*** Opening THE DATA ***

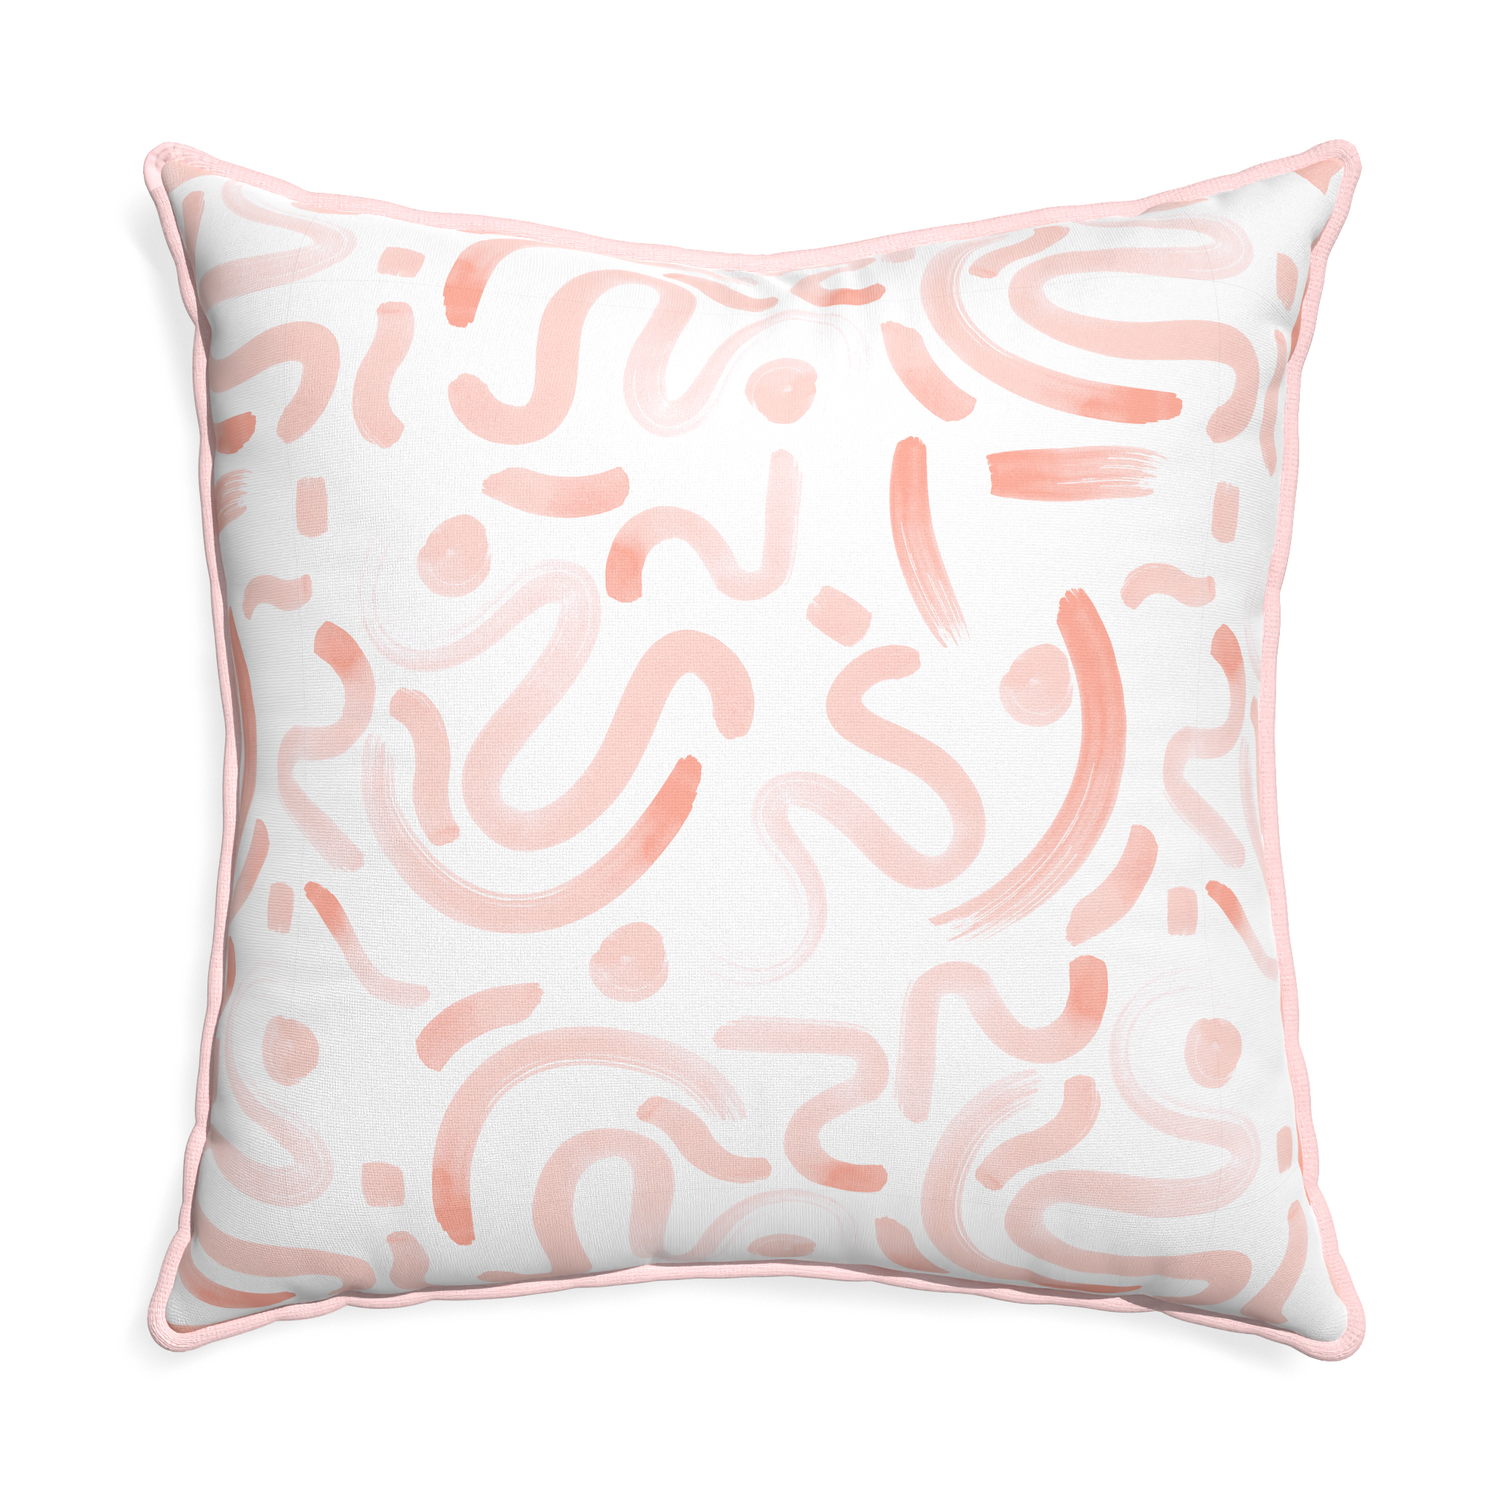 Euro-sham hockney pink custom pink graphicpillow with petal piping on white background
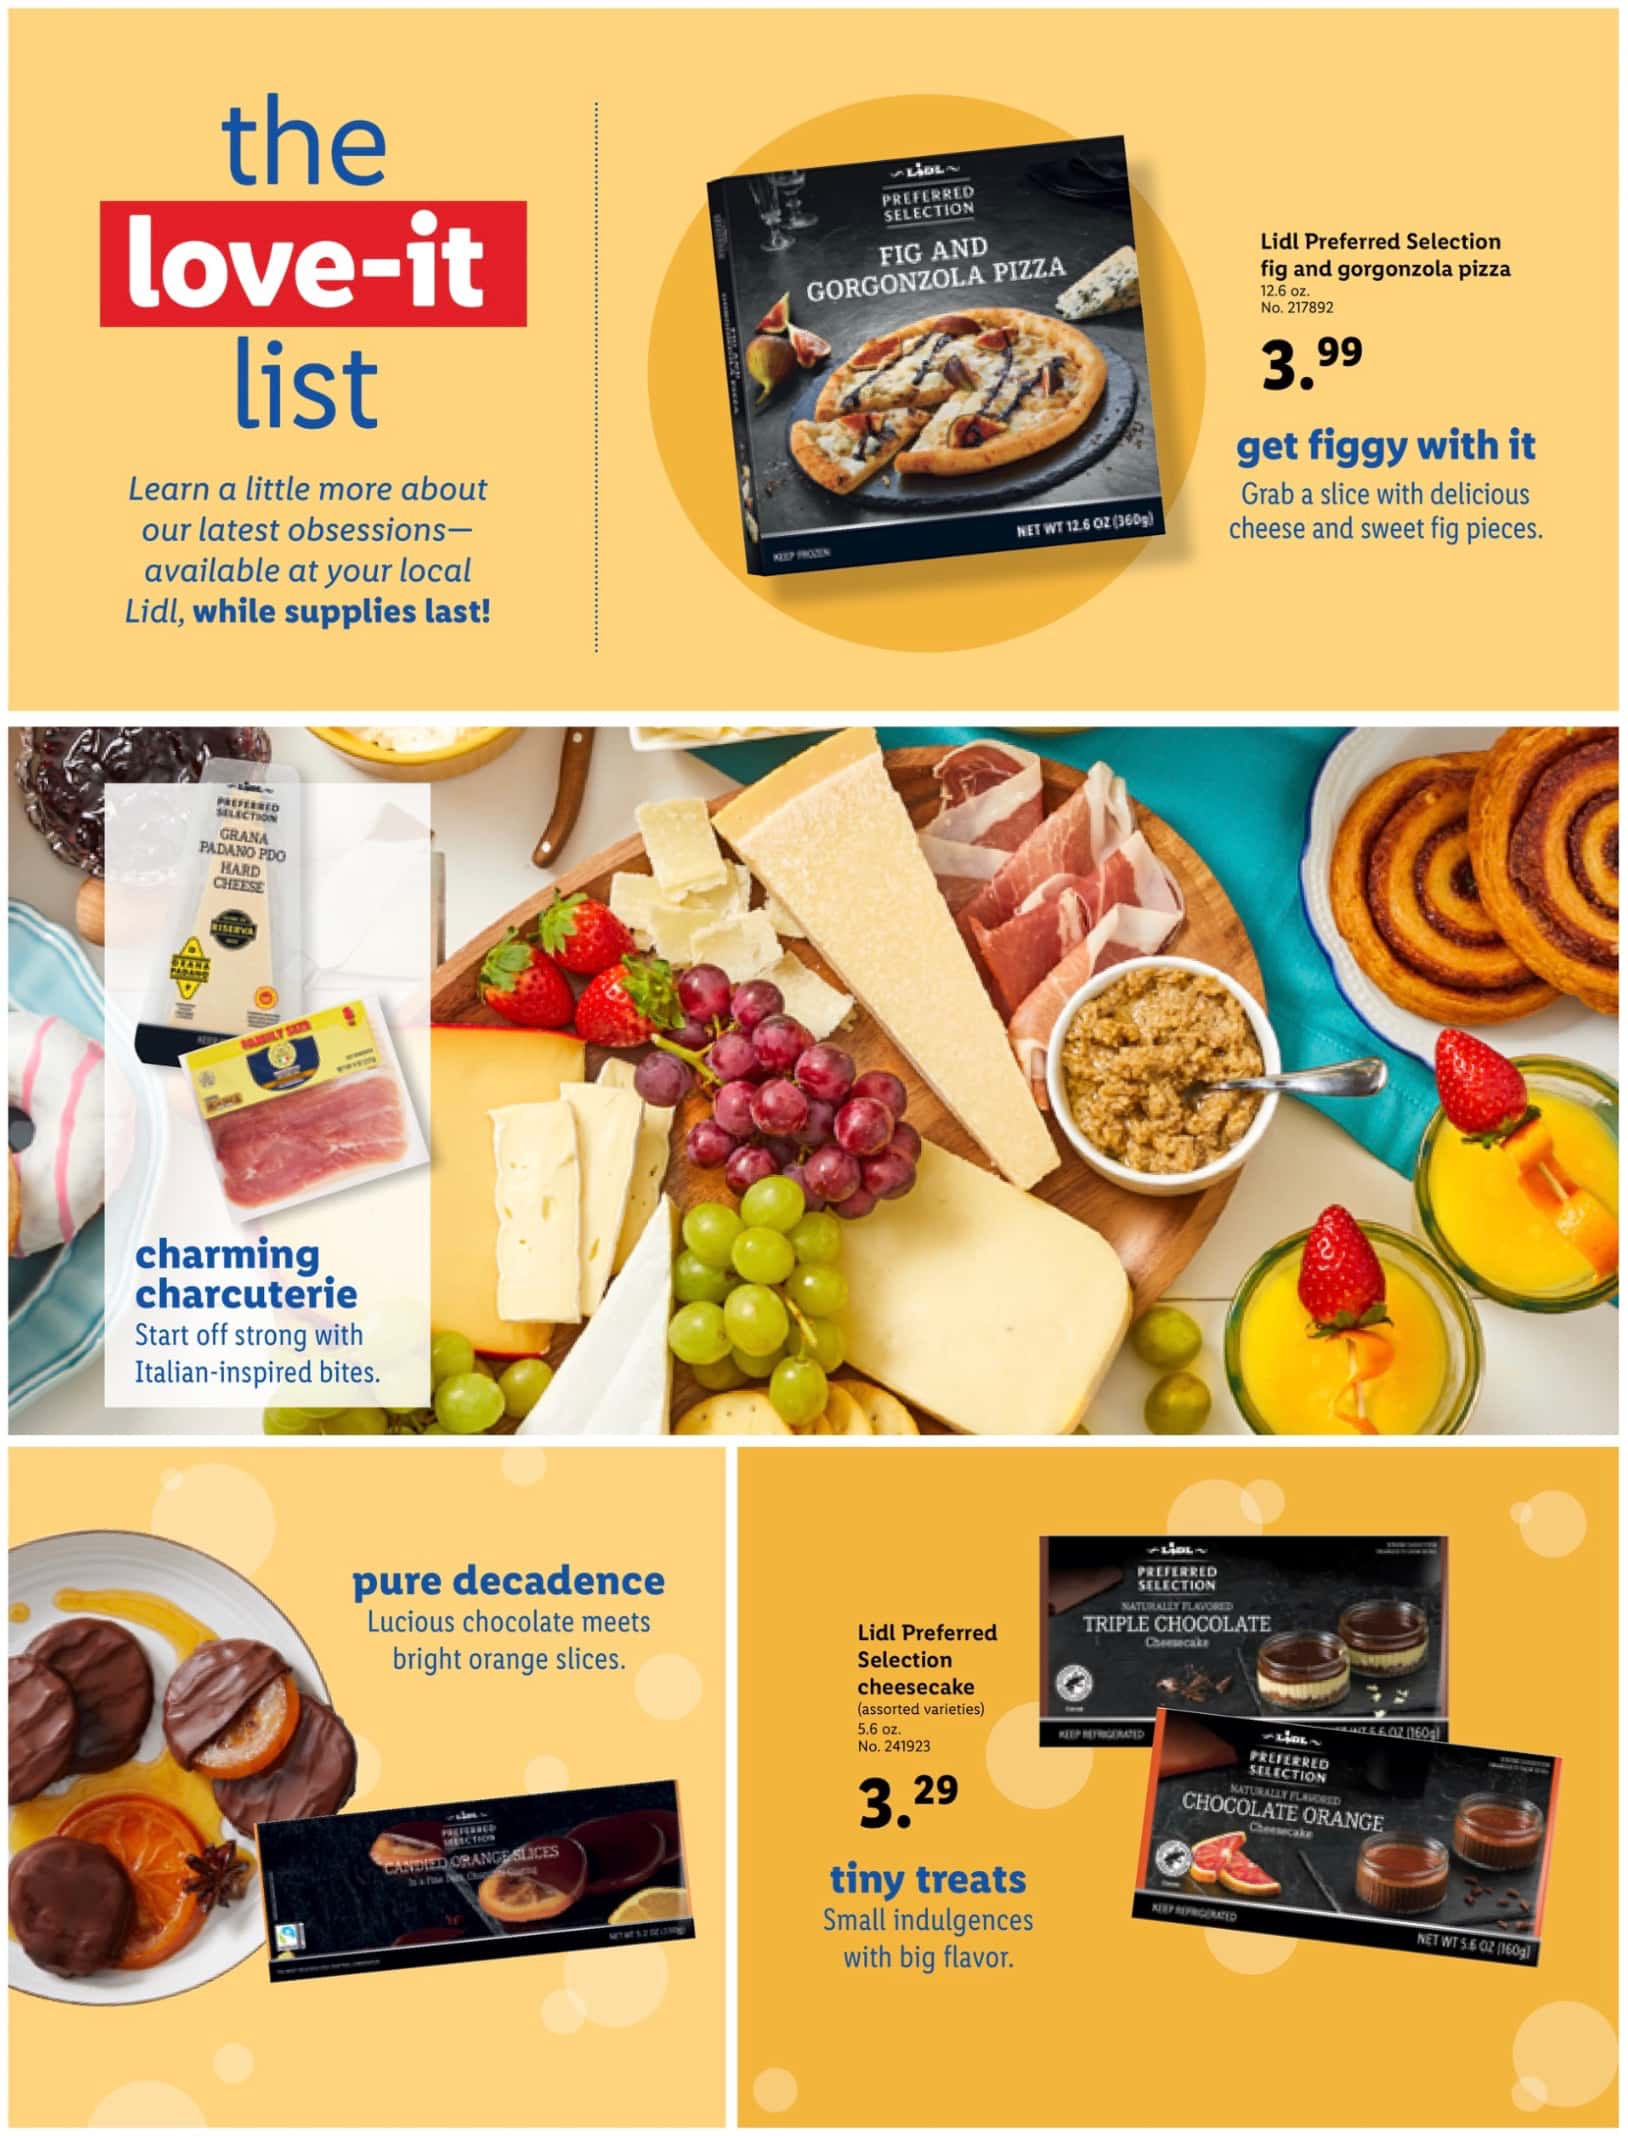 Lidl_weekly_ad_022224_02
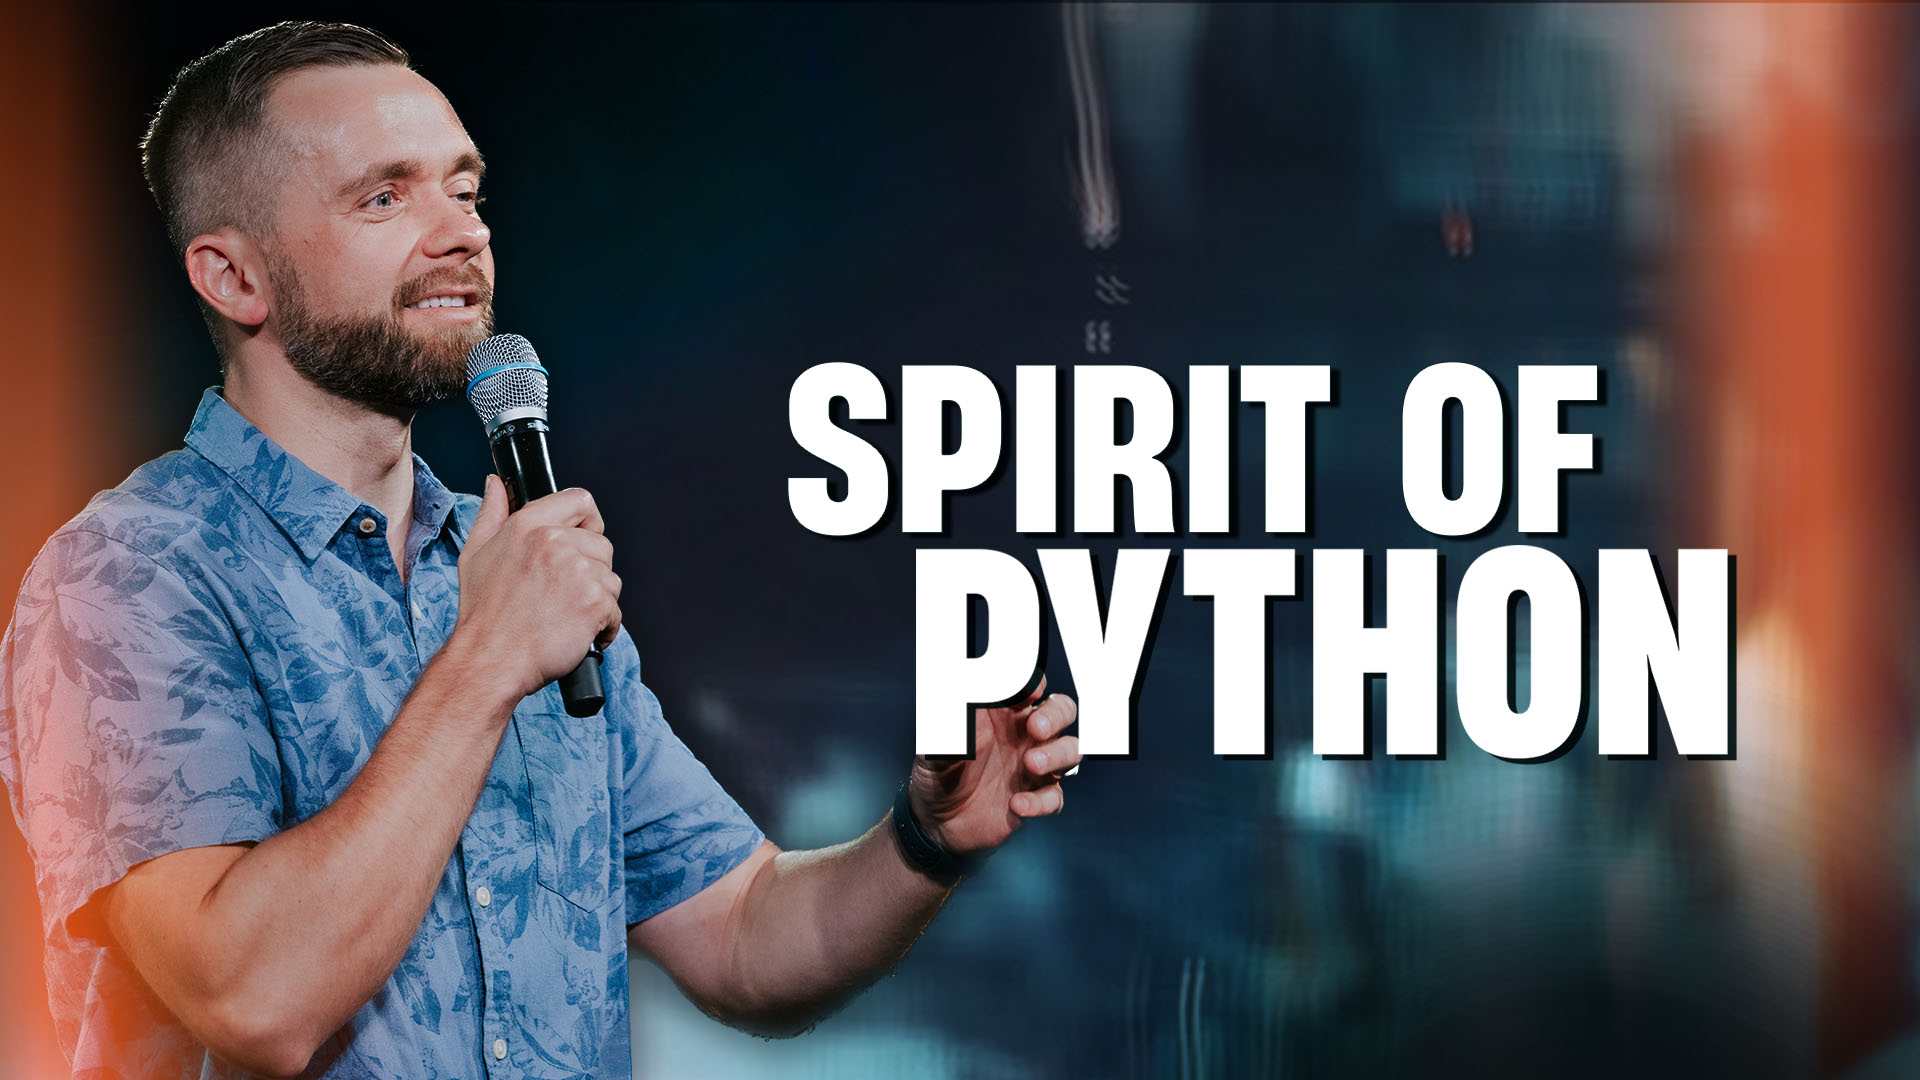 Featured Image for “Spirit of Python”

*** Closing THE DATA ***

PROBLEM DETAILS => A word-for-word copy of the material is required; pictures stay out of it.

THE COMPLETED TASK =>
 Euro-sham hockney pink custom pink graphicpillow with petal piping on white background
 Lidl_weekly_ad_022224_02
 Featured Image for “Spirit of Python”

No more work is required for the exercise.